Based on the application and hardware inventory, each reconnaissance activity is mapped to different families and versions of hardware and applications to facilitate identification of patterns and/or trends of reconnaissance and attack activity happening against different families and versions of hardware and applications. The monitoring policies are updated to different edge monitoring modules 130/530/830 based on the mapping. The backend learning layer 596 identifies missed reconnaissance activity from periodic application logs received from edge monitoring modules 130/530/830 and updates the respective monitoring policies based on the identified missed reconnaissance activity.

According to one or more embodiments, the database 137, database 584, EM module database 594, CDN database 595, knowledge lake 597 and other data repositories or databases referred to herein can be configured according to a relational database management system (RDBMS) (e.g., PostgreSQL). In some embodiments, the database 137 and other data repositories or databases referred to herein are implemented using one or more storage systems or devices associated with the datacenter 110. In some embodiments, one or more of the storage systems utilized to implement the database 137, database 584, EM module database 594, CDN database 595, knowledge lake 597 and other data repositories or databases referred to herein comprise a scale-out all-flash content addressable storage array or other type of storage array.

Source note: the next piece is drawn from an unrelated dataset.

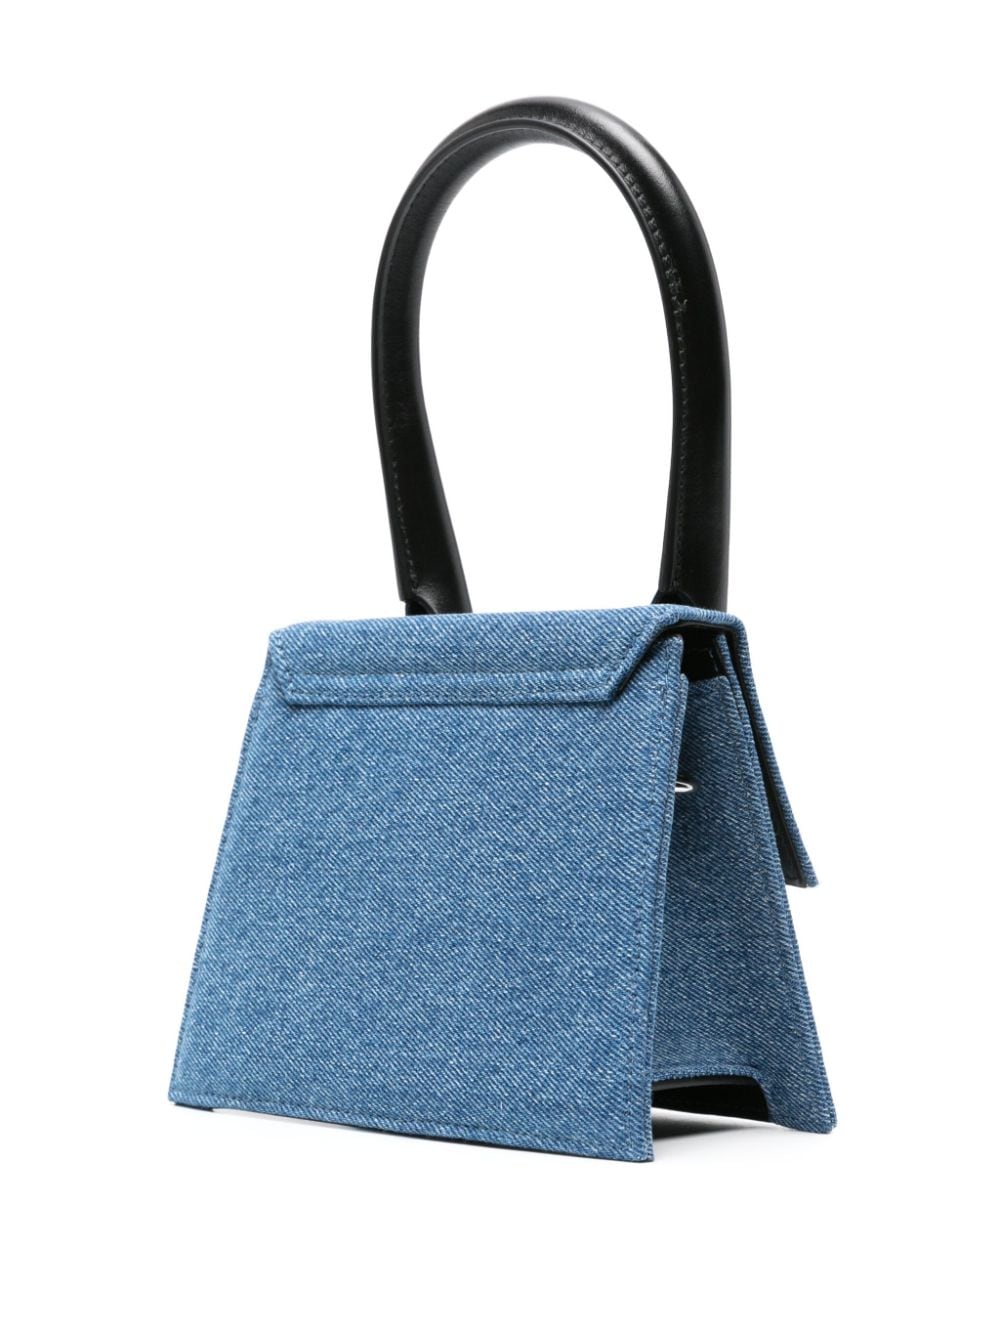 حقيبة يد نساؗية باللون الأزرق الكحلي متوسطة الحجم مع إكسسوارات فضية

The term “storage system” as used herein is therefore intended to be broadly construed, and should not be viewed as being limited to content addressable storage systems or flash-based storage systems. A given storage system as the term is broadly used herein can comprise, for example, network-attached storage (NAS), storage area networks (SANs), direct-attached storage (DAS) and distributed DAS, as well as combinations of these and other storage types, including software-defined storage.

Other particular types of storage products that can be used in implementing storage systems in illustrative embodiments include all-flash and hybrid flash storage arrays, software-defined storage products, cloud storage products, object-based storage products, and scale-out NAS clusters. Combinations of multiple ones of these and other storage products can also be used in implementing a given storage system in an illustrative embodiment.

The firewall 120, edge monitoring module 130, network switch 140, infrastructure 150 and one or more elements thereof in the FIG. 1 embodiment are each assumed to be implemented using at least one processing device. Each such processing device generally comprises at least one processor and an associated memory, and implements one or more functional modules for controlling certain features of firewall 120, edge monitoring module 130, network switch 140, infrastructure 150 and one or more elements thereof.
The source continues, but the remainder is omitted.